Nous demandons que les réflexions ne soient pas restreintes à ce petit cercle, et aussi :
Concernant les travaux de l’Insee :
• Aucune suppression de postes ni d’intensification des charges de travail ;
• Une information et des formations régulières sur les enjeux et l’utilisation de l’IA pour tous les agents, dans le cadre d’un plan de formation ;
• Des outils garantissant la protection des données traitées ;
• Des outils maîtrisés par l’Insee, avec un socle de service public pour des traitements de données, indépendants de forces économiques ou politiques ;
• La présentation en CSA des arbitrages de la direction sur l’utilisation de l’IA à l’Insee.
Concernant la gestion administrative des agents
• Aucun entraînement d’algorithmes à partir des pratiques actuelles de la direction des ressources humaines à l’Insee ;
Glossaire
Intelligence Artificielle : l’expression est une traduction de l’expression artificial « intelligence » dont la traduction devrait être plus partagée avec la notion d’information.
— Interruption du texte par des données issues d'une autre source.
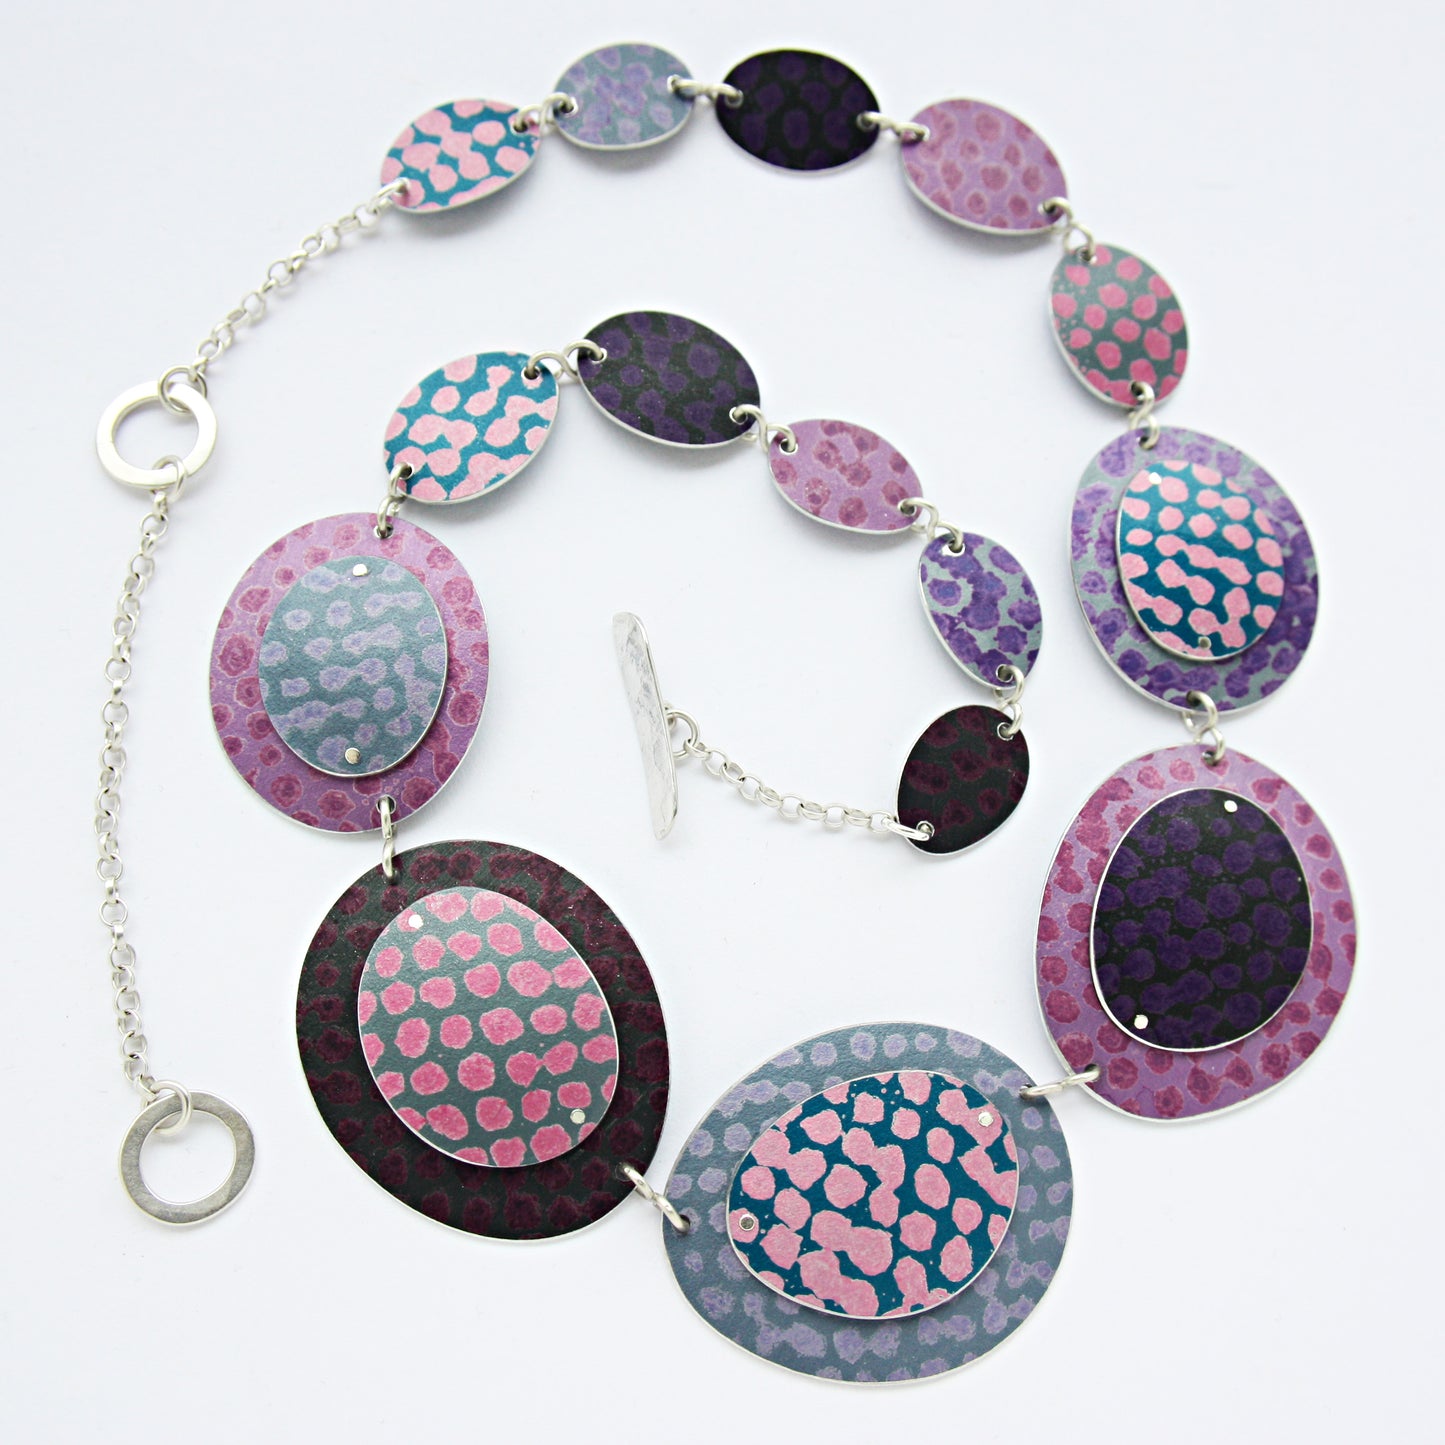 SL53 Hotchpotch spotty riveted ovals necklace in mauve, pink, and berry

Ce mot « intelligence » a permis une orientation très marketing sur un mot suscitant beaucoup de fantasmes.
Ci-dessous quelques exemples de ce qu’est l’IA, sachant que dans notre texte nous nous sommes intéressés seulement à certains aspects de l’IA (IA générative, machine learning...).
Deep Learning : Ensemble de méthodes d’apprentissage automatique utilisant des réseaux de neurones : c’est ce qui est utilisé pour le codage des professions du recensement.
Machine Learning : Branche de l’intelligence artificielle qui fournit à une machine la capacité à apprendre à partir de données, sans qu’un programme lui donne des tâches bien précises.
IA générative (ou GenAI) : utilise l’IA pour créer de nouveaux contenus, comme du texte, des images, de la musique, de l’audio et des vidéos.